Installation
Clone this repository and run:
python setup.py develop
Problems & solutions
- jsonnet installation error
use conda install -c conda-forge jsonnet=0.15.0
Training
Command:
combo --mode train \
--training_data_path your_training_path \
--validation_data_path your_validation_path
Options:
combo --helpfull
Examples (for clarity without training/validation data paths):
-
train on gpu 0
combo --mode train --cuda_device 0
-
use pretrained embeddings:
combo --mode train --pretrained_tokens your_pretrained_embeddings_path --embedding_dim your_embeddings_dim
-
use pretrained transformer embeddings:
combo --mode train --pretrained_transformer_name your_choosen_pretrained_transformer
-
predict only dependency tree:
combo --mode train --targets head,deprel
-
use part-of-speech tags for predicting only dependency tree
combo --mode train --targets head,deprel --features token,char,upostag
Advanced configuration: Configuration
Prediction
ConLLU file prediction:
Input and output are both in *.conllu
format.
combo --mode predict --model_path your_model_tar_gz --input_file your_conllu_file --output_file your_output_file --silent
Console
Works for models where input was text-based only.
Interactive testing in console (load model and just type sentence in console).
combo --mode predict --model_path your_model_tar_gz --input_file "-" --nosilent
Raw text
Works for models where input was text-based only.

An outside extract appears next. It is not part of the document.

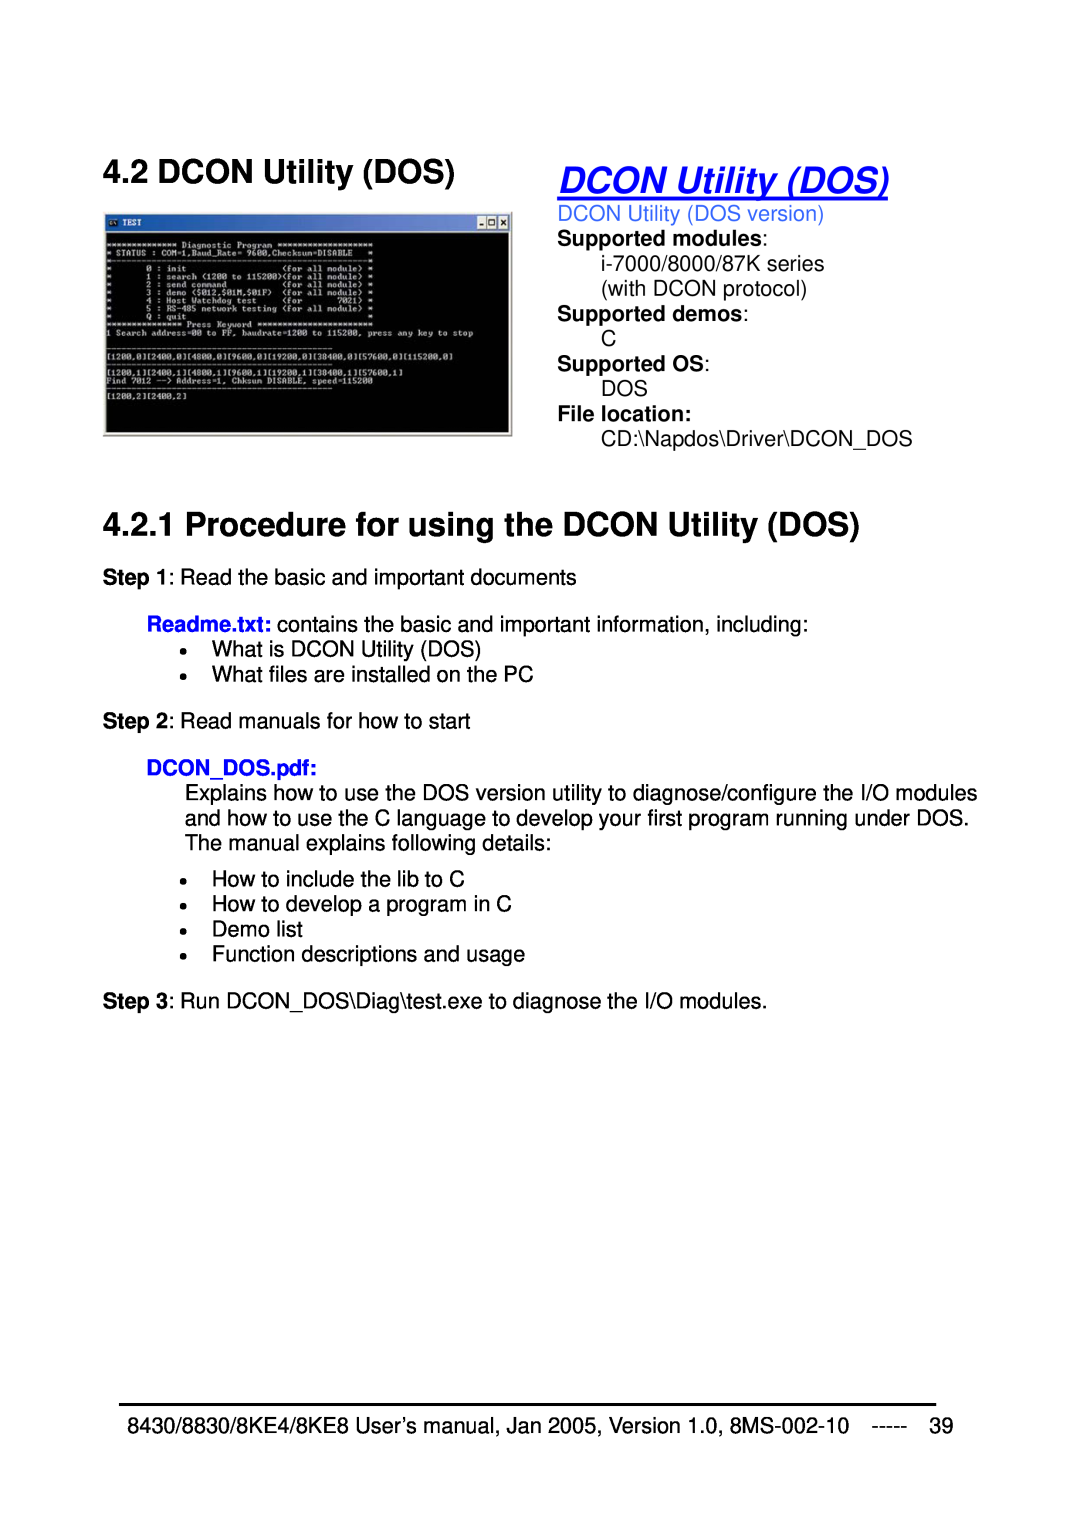 ICP DAS USA 8830, 8KE8, 8KE4, 8430 Procedure for using the DCON Utility DOS, DCON Utility DOS version, DCONDOS.pdf

Input: one sentence per line.
Output: List of token jsons.
combo --mode predict --model_path your_model_tar_gz --input_file your_text_file --output_file your_output_file --silent --noconllu_format
Advanced
There are 2 tokenizers: whitespace and spacy-based (en_core_web_sm
model).
Use either --predictor_name semantic-multitask-predictor
or --predictor_name semantic-multitask-predictor-spacy
.
Python
import combo.predict as predict
model_path = "your_model.tar.gz"
nlp = predict.SemanticMultitaskPredictor.from_pretrained(model_path)
sentence = nlp("Sentence to parse.")
Configuration
Advanced
Config template config.template.jsonnet is formed in allennlp
format so you can freely modify it.
There is configuration for all the training/model parameters (learning rates, epochs number etc.).
Some of them use jsonnet
syntax to get values from configuration flags, however most of them can be modified directly there.